What's the index fund book everyone recommends?
In one paragraph
The Simple Path to Wealth by JL Collins. It's the most-recommended index-fund book on Reddit, in the FIRE community, and among fee-only advisors — built around one idea: own VTSAX (a total US stock market index fund) and don't touch it.
What this actually means
Collins wrote The Simple Path to Wealth as a series of letters to his daughter. That's also how it reads — direct, conversational, no jargon.
The core argument is two sentences: the stock market always goes up over long periods; almost nobody beats a total-market index fund after fees. Therefore, buy the index fund, keep buying, and ignore everything else.
Why this beats the more famous Bogleheads' Guide and Random Walk Down Wall Street as a recommendation: it's shorter (286 pages), it's funnier, and Collins explicitly tells you what to do — VTSAX in the accumulation phase, add bonds (VBTLX) in the withdrawal phase.
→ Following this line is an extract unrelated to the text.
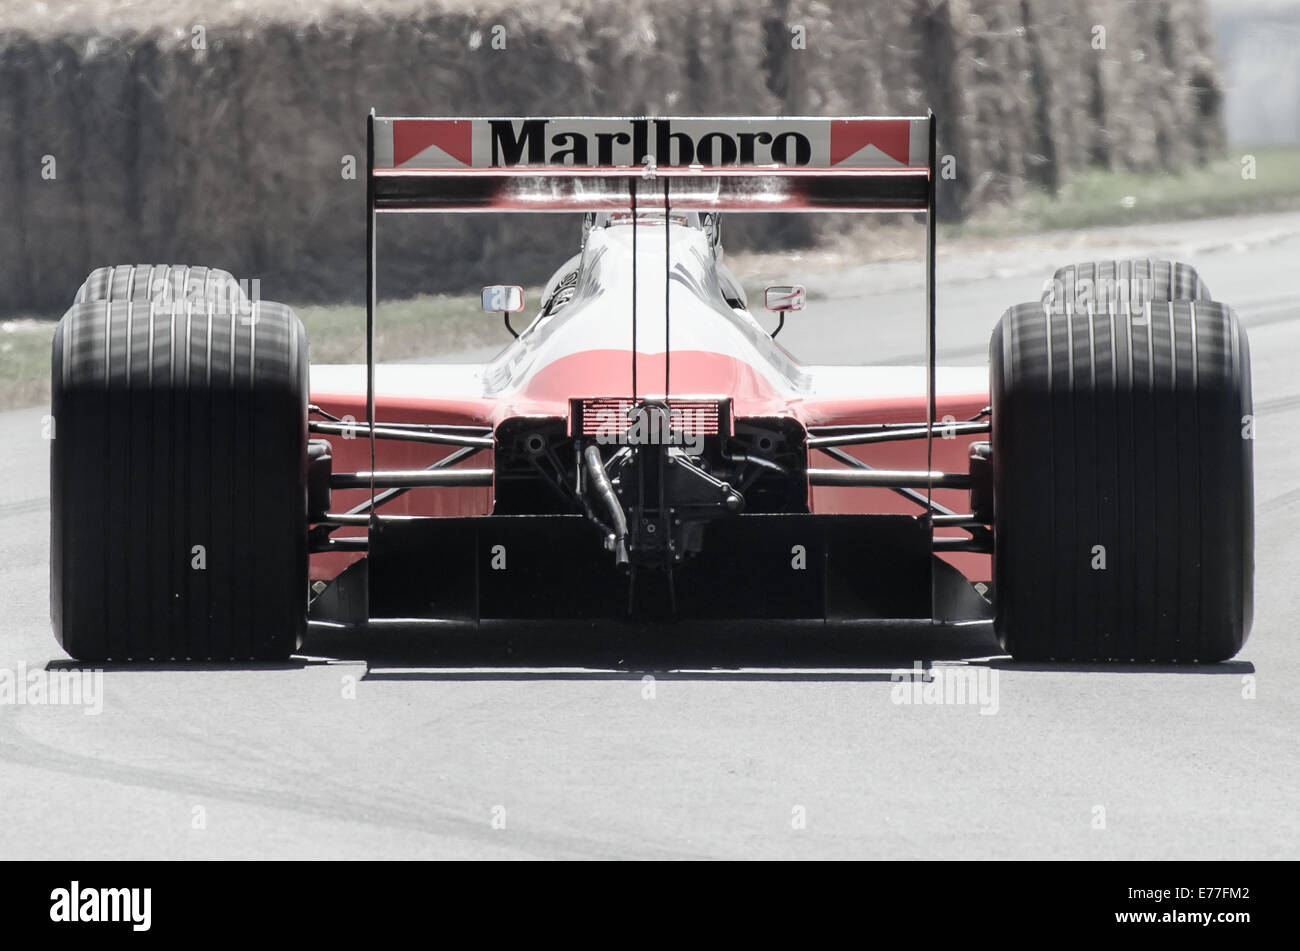 Der McLaren MP 4/4 war ein erfolgreicher F1-Wagen, die in der Saison '88 angetrieben von Ayrton Senna und Alain Prost konkurrierten. Entsättigung Bild. Ansicht von hinten Stockfoto

The other index-fund books explain the theory; Collins ships an actual portfolio.
The Elements of Investing by Charley Ellis and Burton Malkiel is the strong runner-up if you want something more academic — 200 pages, written by two giants in the field, slightly more technical.
If you've already read Psychology of Money and want the next step, Simple Path is it. The two books together are 90% of what most retail investors actually need.